(no title)
phodge | 5 years ago
When you're dealing with external REST APIs that take multiple seconds to respond, then the async version is substantially "faster" because your process can get some other useful work done while it's waiting. Obviously the async framework introduces some overhead, but that bit of overhead is probably a lot less than the 3 billion cpu cycles you'll waste waiting 1000ms for an external service.
calpaterson|5 years ago
As I describe in the first line of my article I don't think that people who think async is faster have unreasonable expectations. It seems very intuitive to assume that greater concurrency would mean greater performance - at least one some measure.
> When you're dealing with external REST APIs that take multiple seconds to respond, then the async version is substantially "faster" because your process can get some other useful work done while it's waiting.
I'm afraid I also don't think you have this right conceptually. An async implementation that does multiple ("embarrassingly parallel") tasks in the same process - whether that is DB IO waiting or microservice IO waiting - is not necessarily a performance improvement over a sync version that just starts more workers and has the OS kernel scheduler organise things.
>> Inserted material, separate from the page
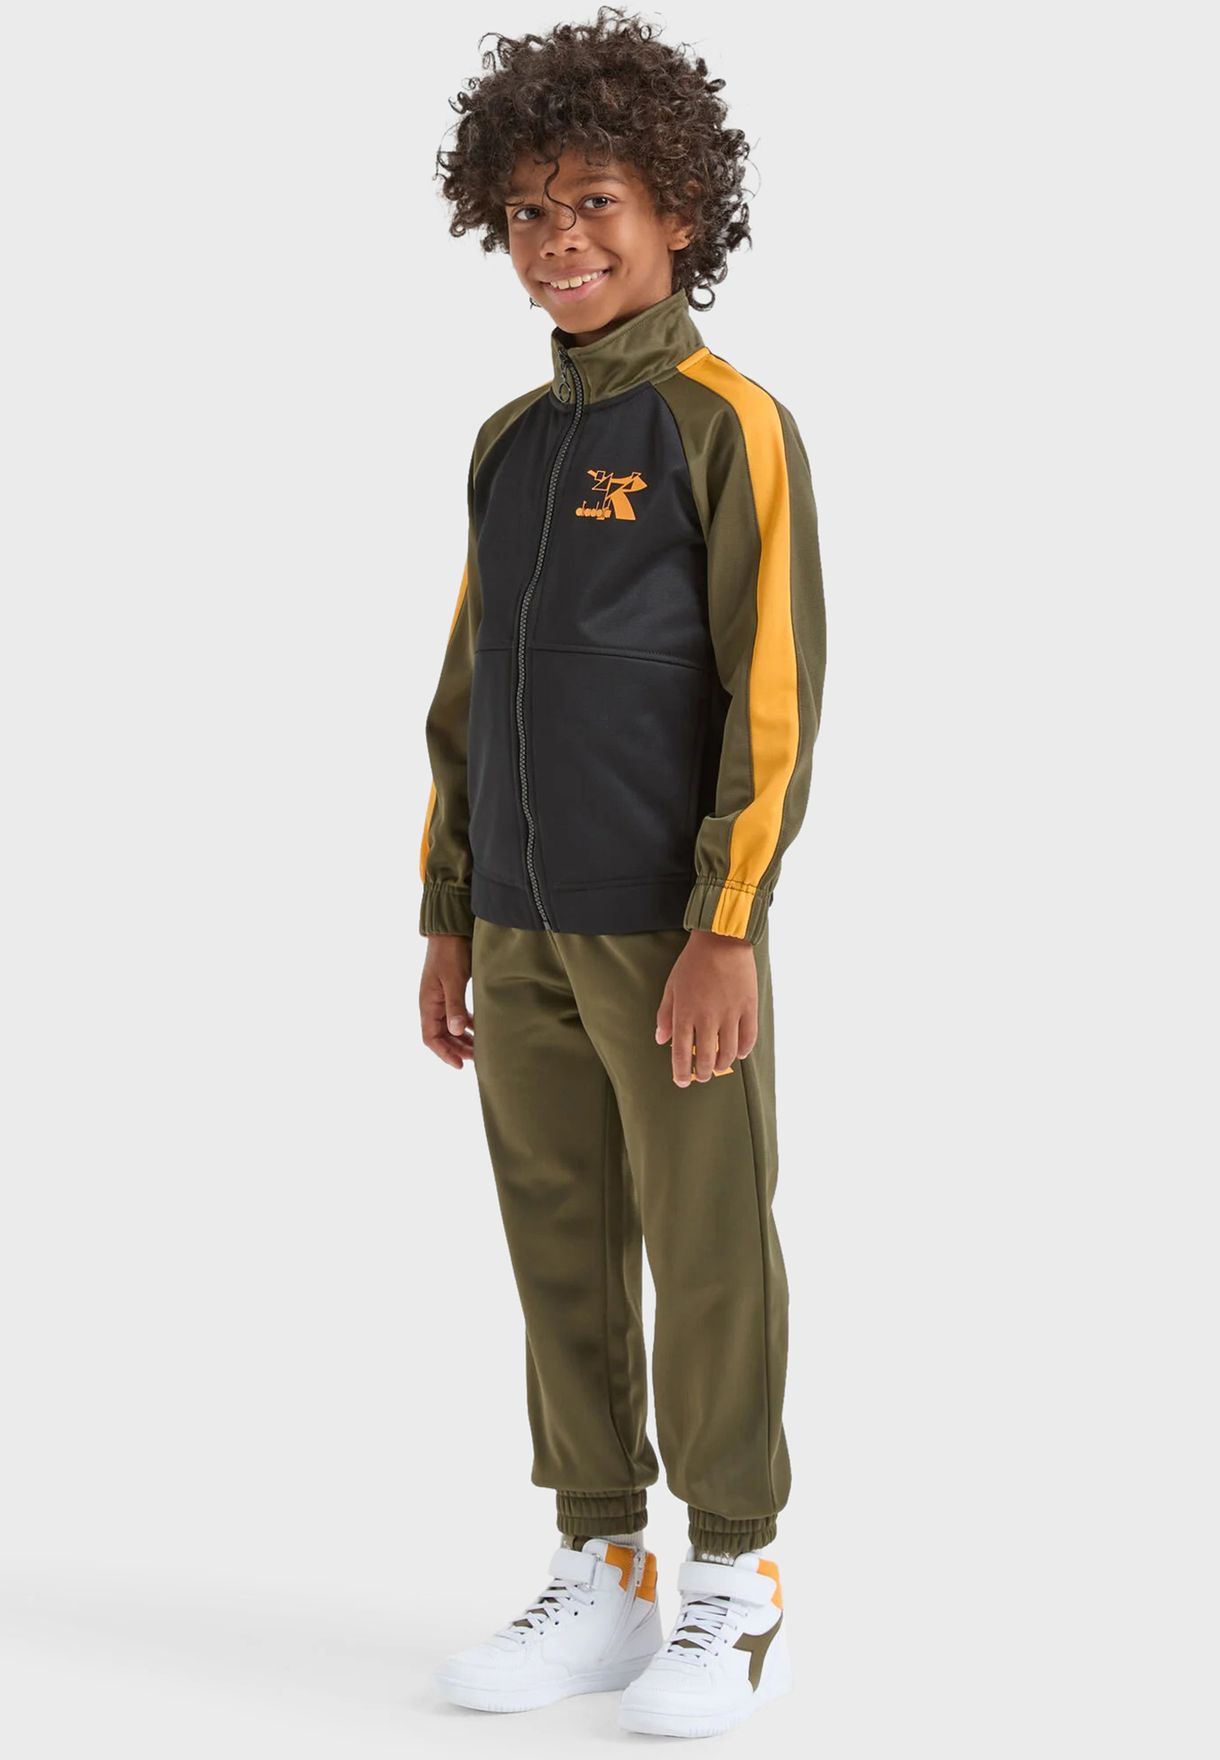 Youth Twister Tracksuit

In fact in practice an async version is normally lower throughput, higher latency and more fragile. This is really what I'm getting at when I say async is not faster.
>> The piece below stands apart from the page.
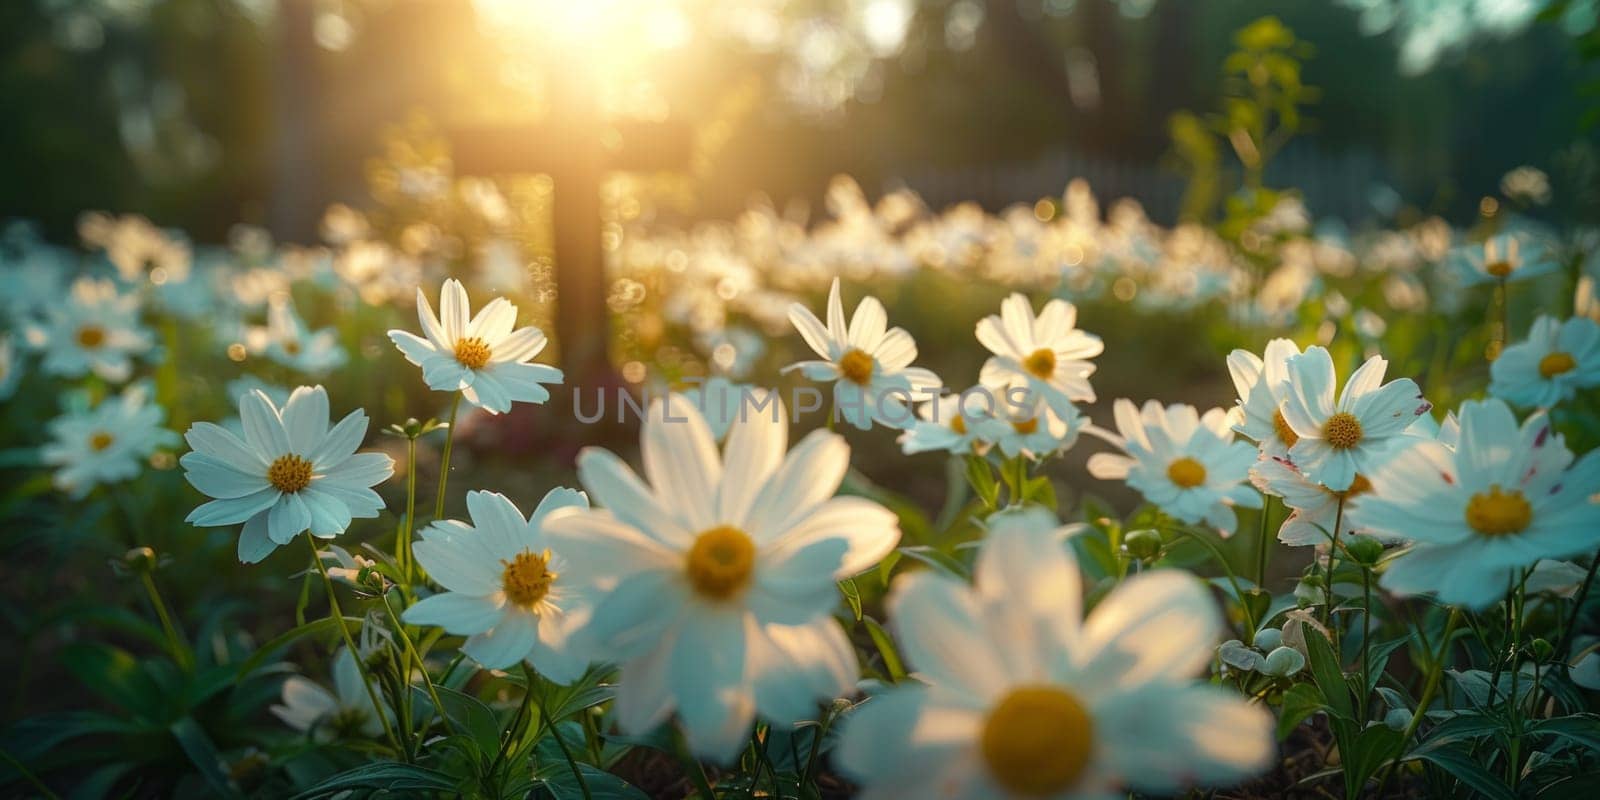 A field of blooming white daisies stretches out beneath the sun shining through the trees, creating a picturesque scene of nature in full bloom.

Fundamentally, you do not waste "3 billion cpu cycles" waiting 1000ms for an external service. Making alternative use of the otherwise idle CPU is the purpose (and IMO the proper domain of) operating systems.
john-radio|5 years ago
Sure, the operating system can find other things to do with the CPU cycles when a program is IO-locked, but that doesn't help the program that you're in the situation of currently trying to run.
> An async implementation that does multiple ("embarrassingly parallel") tasks in the same process - whether that is DB IO waiting or microservice IO waiting - is not necessarily a performance improvement over a sync version that just starts more workers and has the OS kernel scheduler organise things. In fact in practice an async version is normally lower throughput, higher latency and more fragile. This is really what I'm getting at when I say async is not faster.
You're right. "Arbitrary programs will run faster" is not the promise of Python async.
Python async does help a program work faster in the situation that phodge just described (waiting for web requests, or waiting for a slow hardware device), since the program can do other things while waiting for the locked IO (unlike a Python program that does not use async and could only proceed linearly through its instructions). That's the problem that Python asyncio purports to solve. It is still subject to the Global Interpreter Lock, meaning it's still bound to one thread. (Python's multiprocessing library is needed to overcome the GIL and break out a program into multiple threads, at the cost that cross-thread communication now becomes expensive).
brightball|5 years ago
On the web when the bulk of your application code time is waiting on APIs, database queries, external caches or disk I/O it creates a dramatic increase in the capacity of your server if you can do it with minimal RAM overhead.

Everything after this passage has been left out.